Nearly 75 healthcare organizations—including the American Hospital Association, the Medical Group Management Association, the Association of American Medical Colleges, the American College of Surgeons, and the California Medical Association—called for Congress to drop the proposed Independent Payment Advisory Board (IPAB) from consideration in the reconciled healthcare reform bill.
If established, the board, which is now included in the Senate-passed reform bill, would "essentially assume authority" over the Medicare program—with the purpose of reducing the "per capita rate of growth in Medicare spending indefinitely," the groups said in a letter to Senate Majority Leader Harry Reid (D-NV) and House Speaker Nancy Pelosi (D-CA).
Since Medicare's growth rate has been "below or equal to growth in the private sector," any reductions by the board would be in addition to the $400 billion to $500 billion savings in provider payments already included in the healthcare reform legislation, they said. This could "jeopardize both access for Medicare beneficiaries and even infrastructures" for the healthcare system, they added.

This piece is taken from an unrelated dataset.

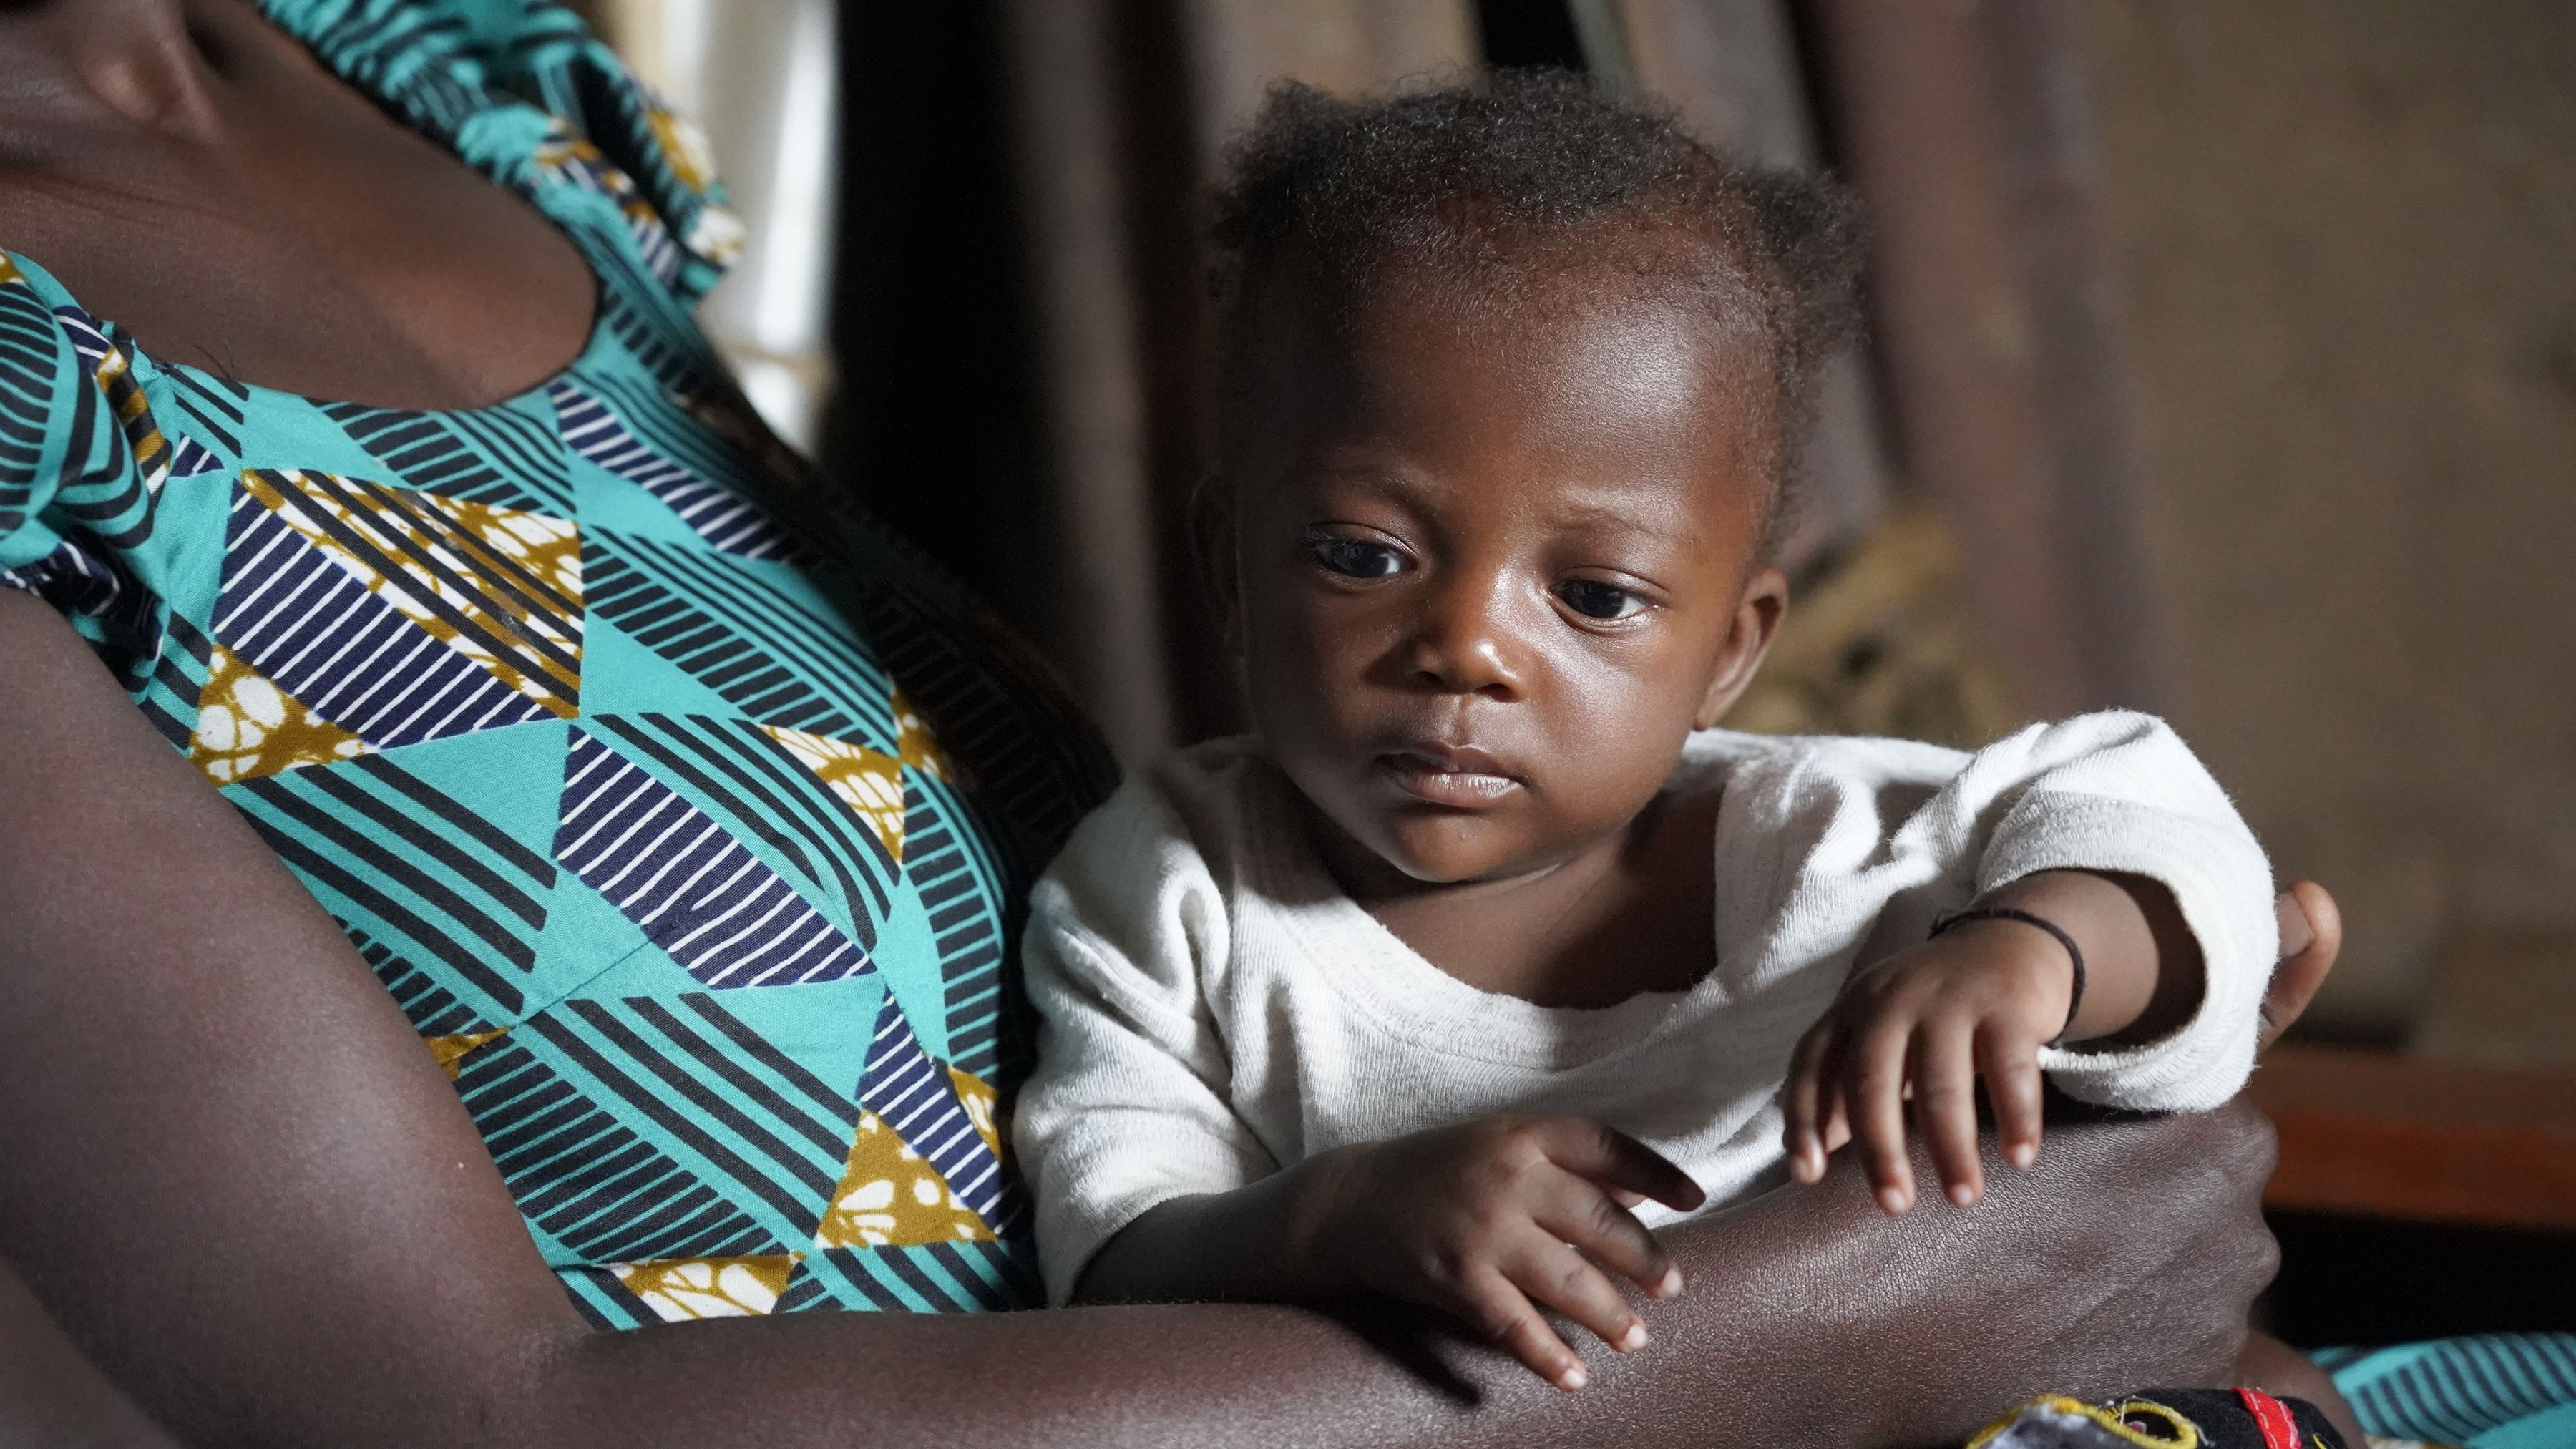 A 7 month old in the DRC sits in the loving arms of his mum

It was last summer that the White House expressed support for what it called the Independent Payment Advisory Council, which would have the authority to make recommendations to the President on annual Medicare payment rates and other reforms. The President could either approve or disapprove the recommendations, and Congress could intervene within a 30-day period if it disagreed.
In that July letter from White House Office of Management and Budget Director Peter Orszag to Pelosi, he said that approach was similar to a recommendation from Sen. Jay Rockefeller (D-WV) to make the Medicare Payment Advisory Commission (MedPAC) an independent executive branch agency that was designed to improve the efficiency of the Medicare system. The council would feature physicians and other health experts appointed for five-year terms.
The board proposed in the Senate bill would have officials appointed by the president to make decisions. However, replacing elected officials "with political appointments from the President does not remove 'politics' from the equation," the healthcare organizations said.
In addition, the proposal "usurps congressional authority over the Medicare program," they said. This would "greatly limit" the ability of Medicare beneficiaries to improve the program—making it difficult "to include coverage of new and better treatments, procedures, and technologies," they added.